-- Data below follows --
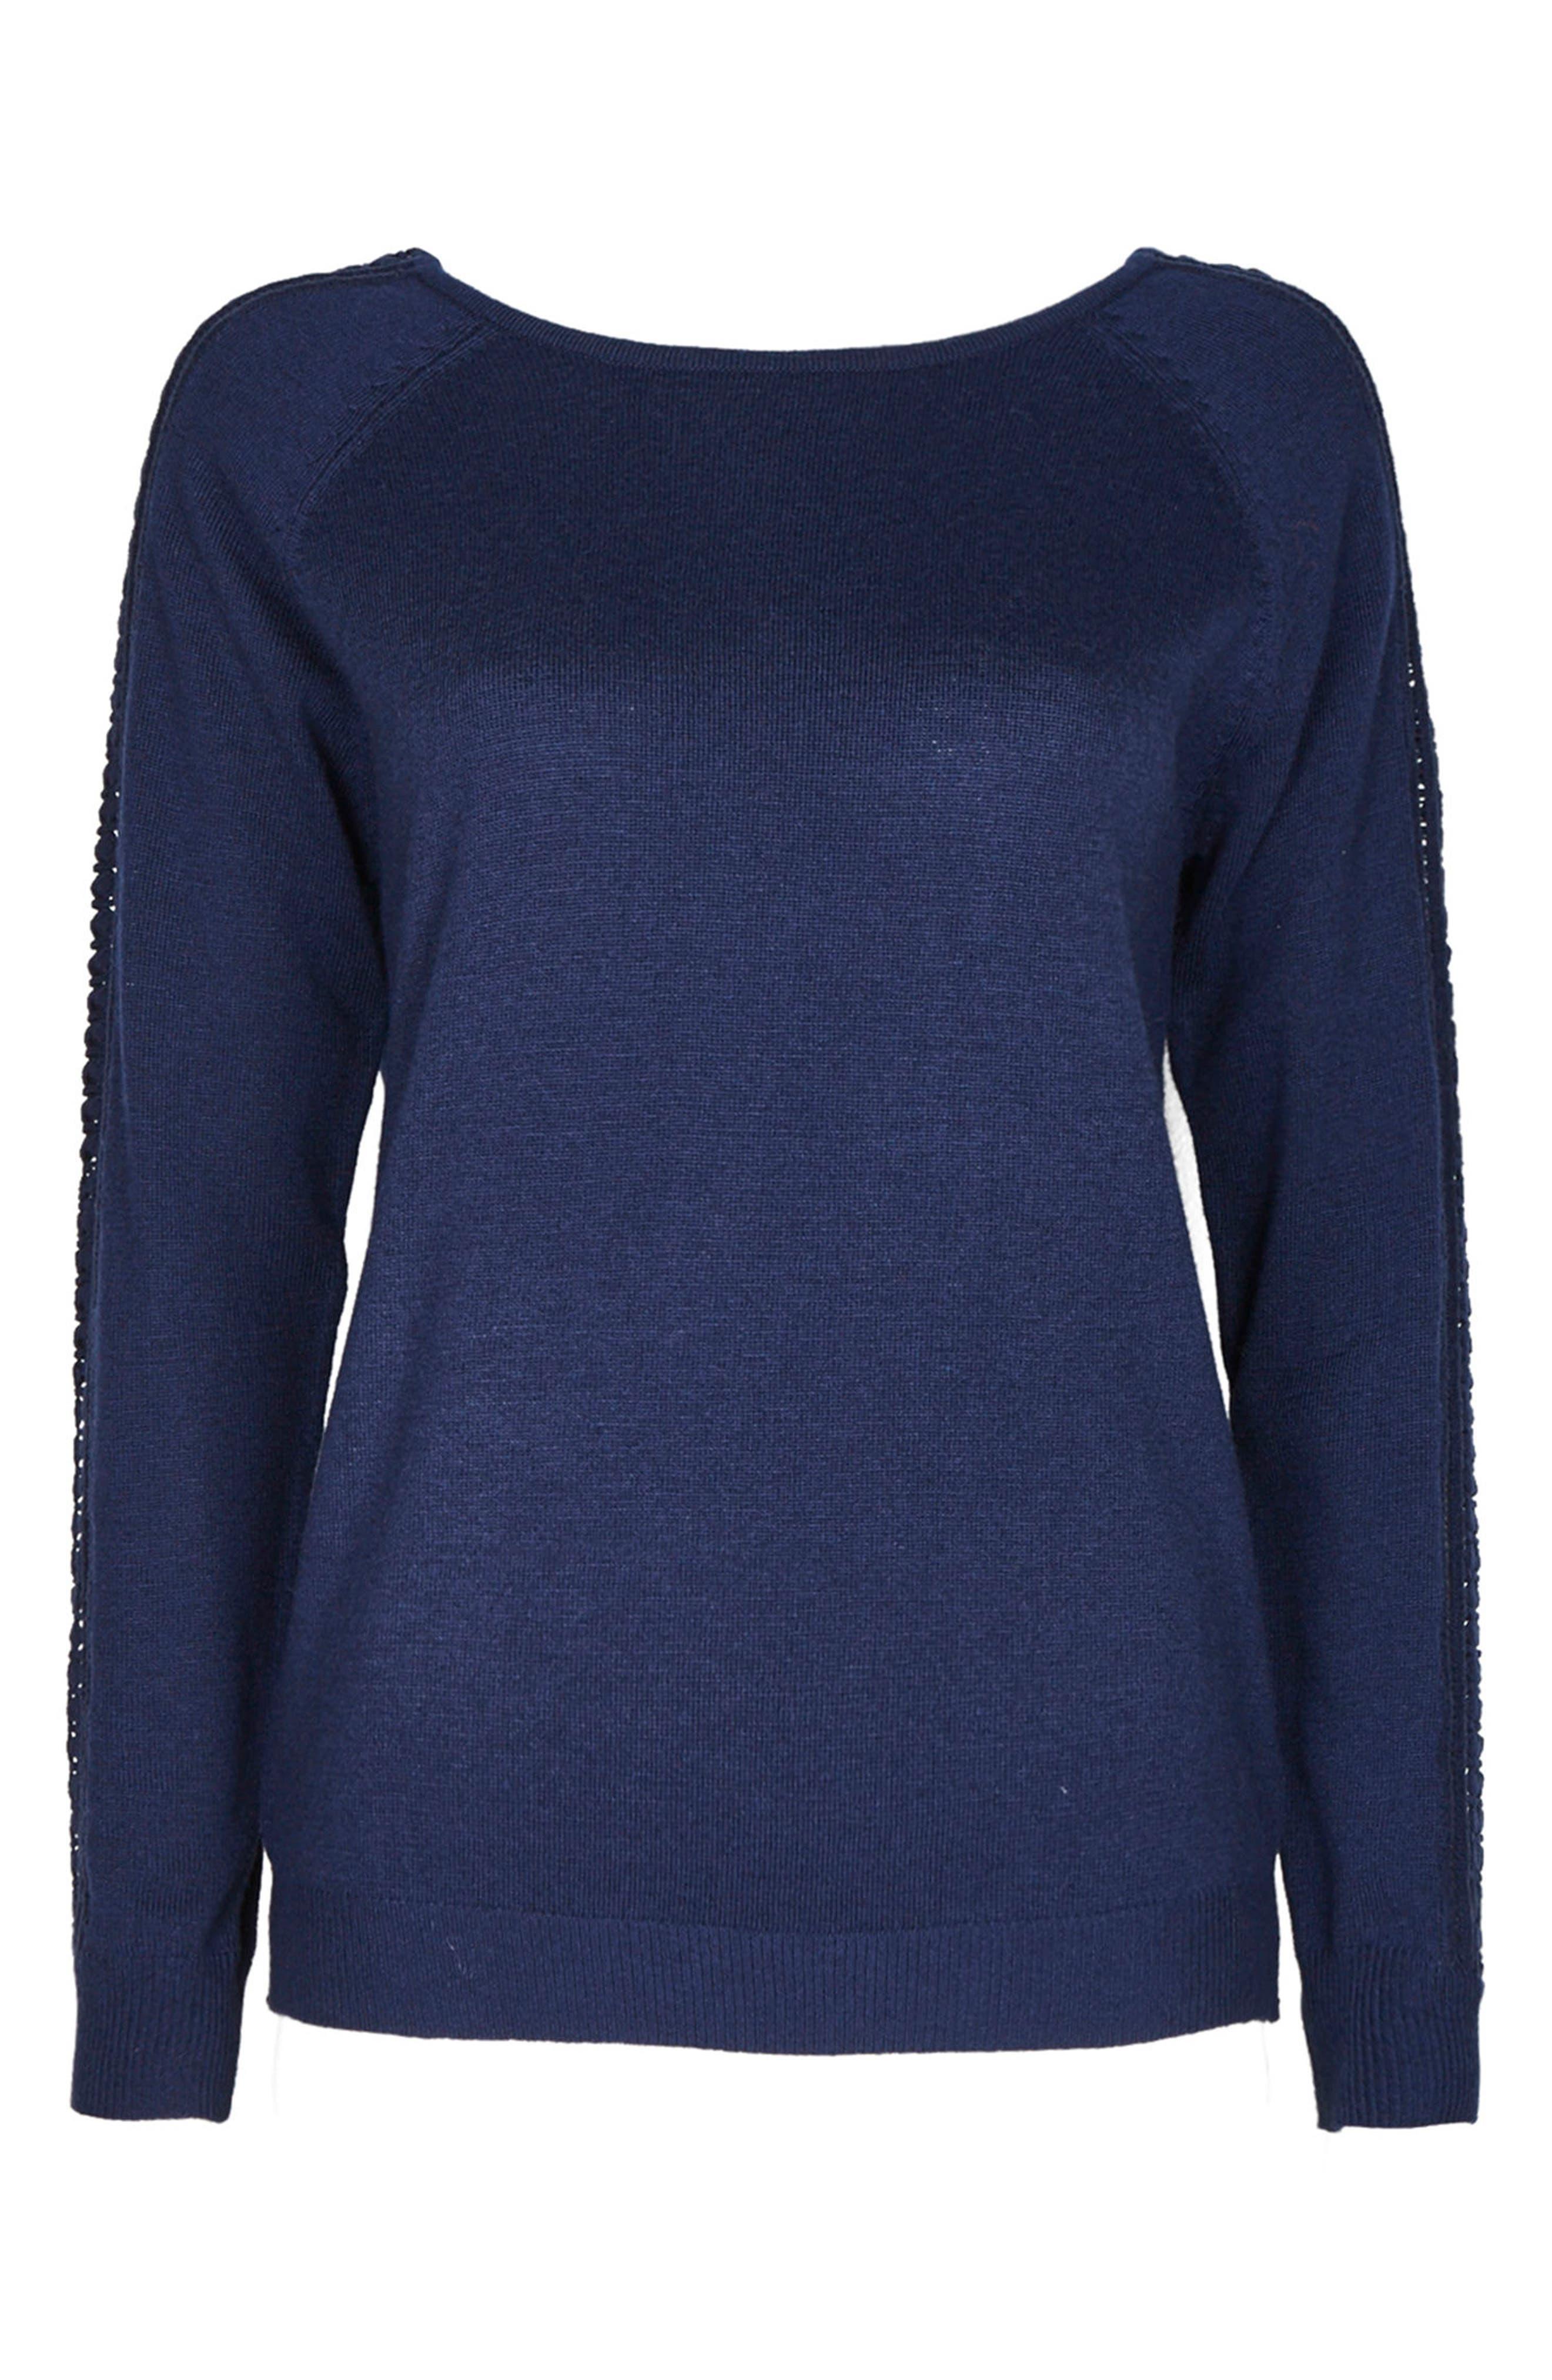 Lace Trim Sweater,                             Main thumbnail 1, color,                             Navy
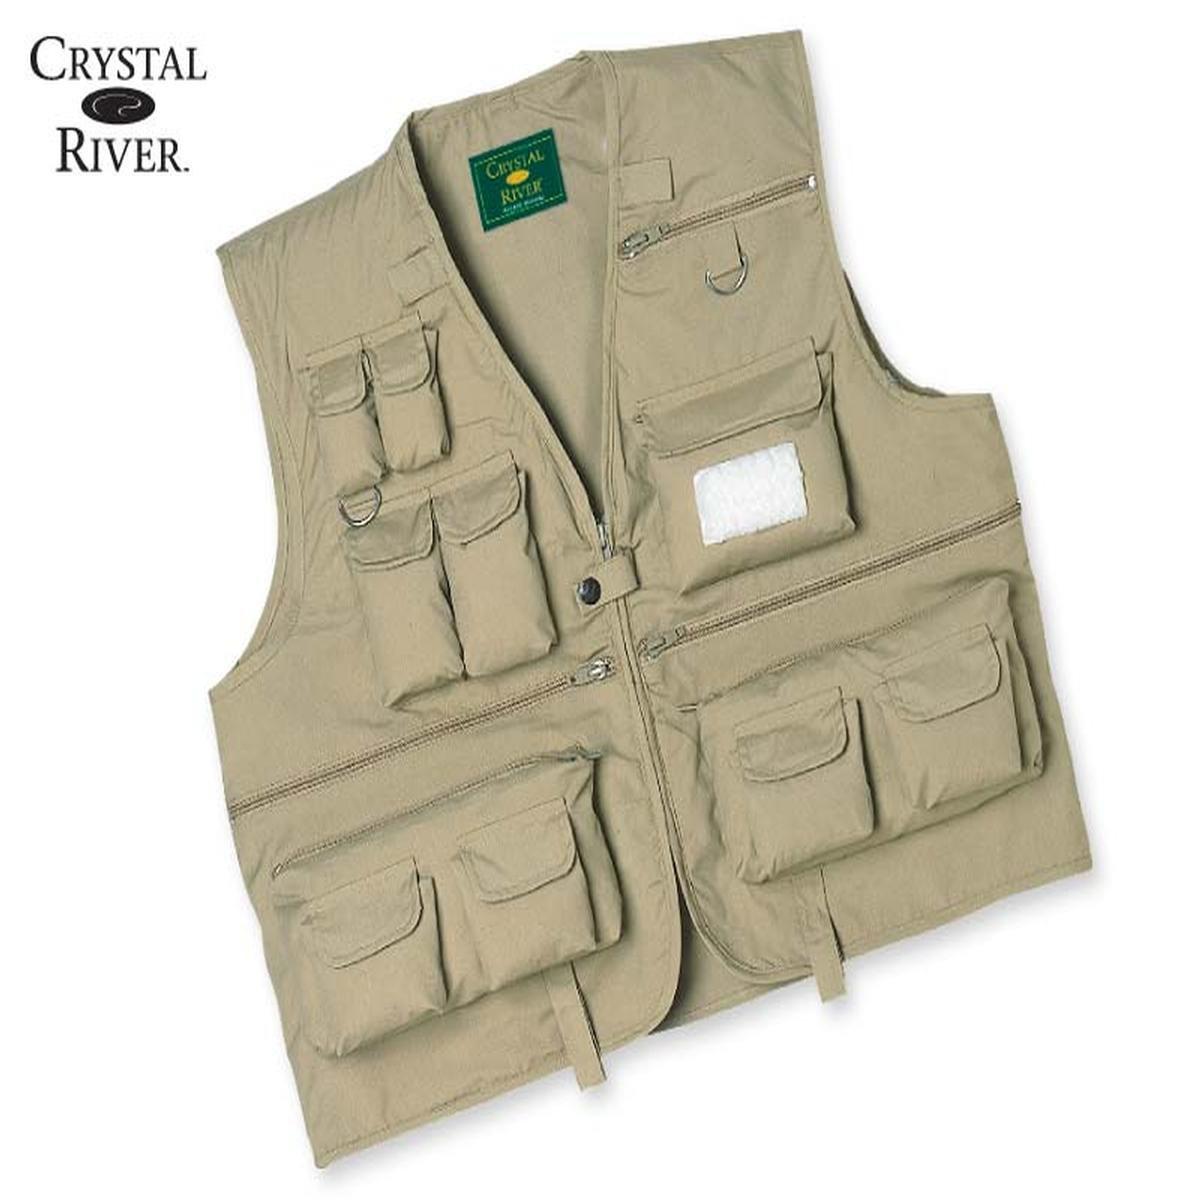 Crystal river c r fly fishing vest khaki xx large for Fishing vest amazon
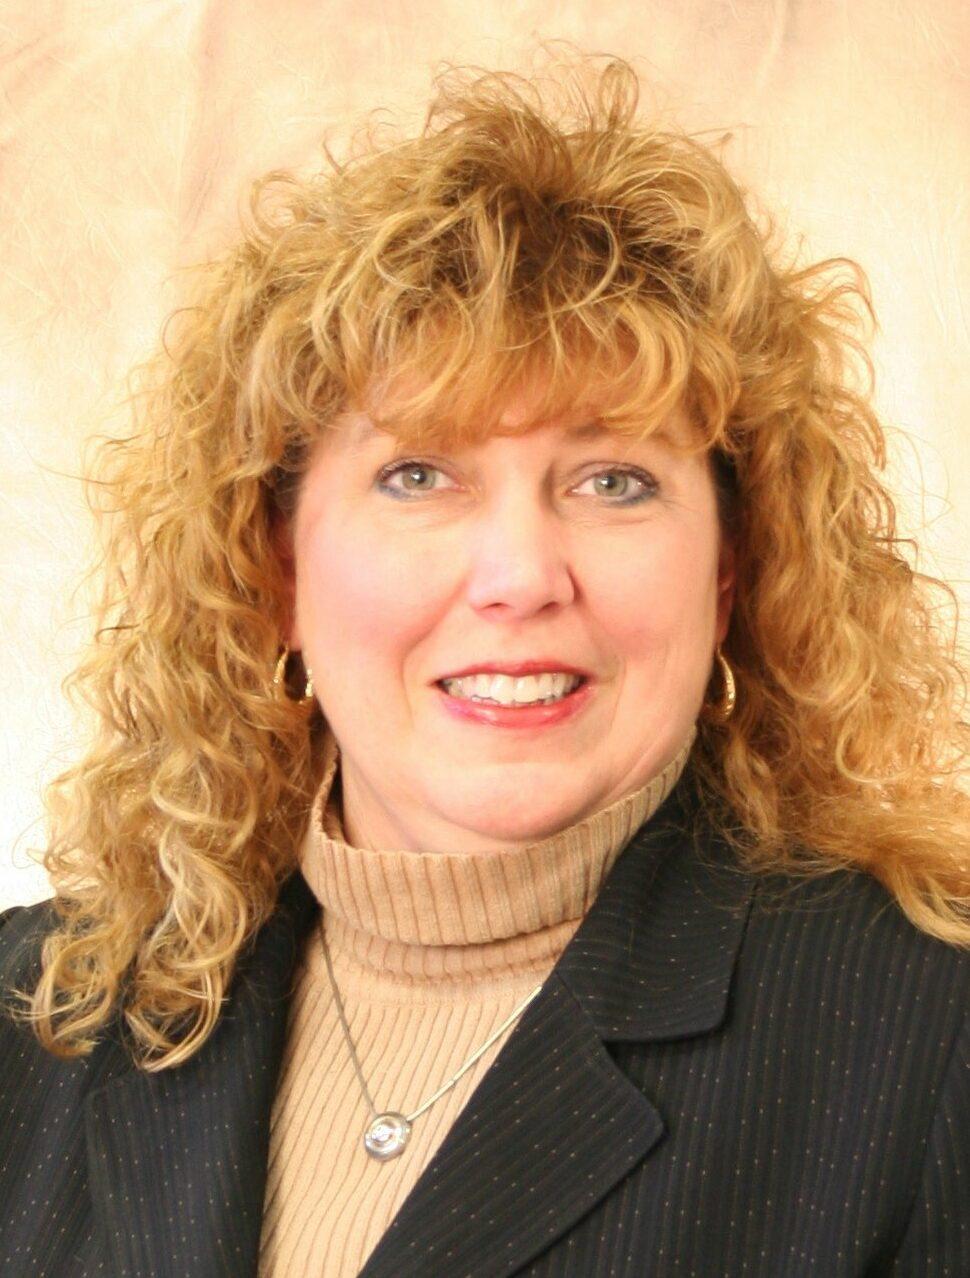 Image of Deborah Auspelmyer, Foundation Executive
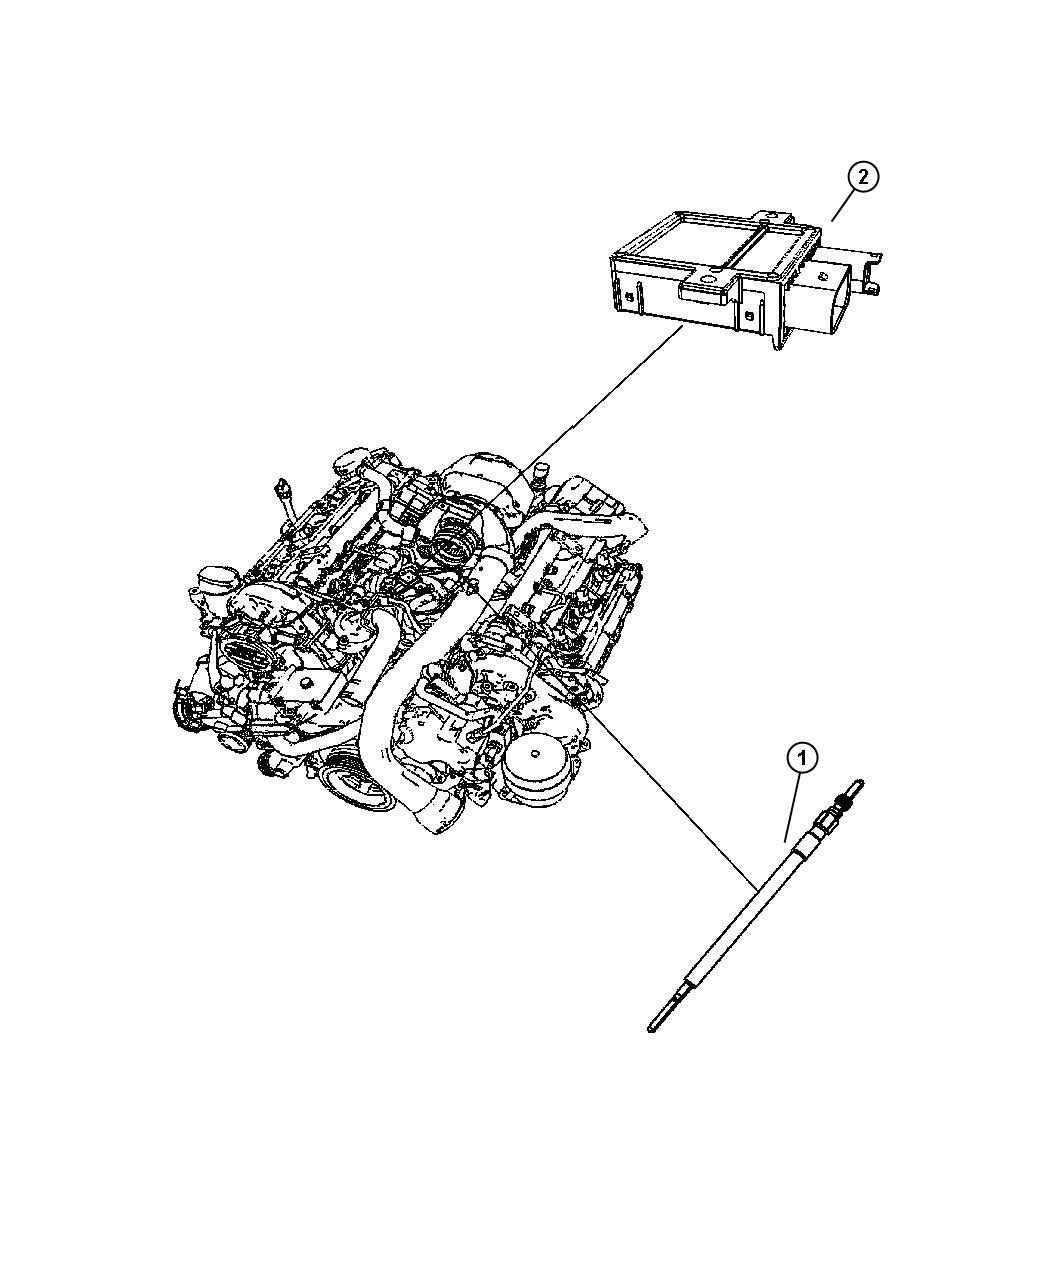 Jeep Grand Cherokee Glow Plug Plugs Sensors Electrical
-- Data below concluded --
Copy each line above precisely, dropping the pictures.

> Written answer:
 Lace Trim Sweater,                             Main thumbnail 1, color,                             Navy
 Crystal river c r fly fishing vest khaki xx large for Fishing vest amazon
 Image of Deborah Auspelmyer, Foundation Executive
 Jeep Grand Cherokee Glow Plug Plugs Sensors Electrical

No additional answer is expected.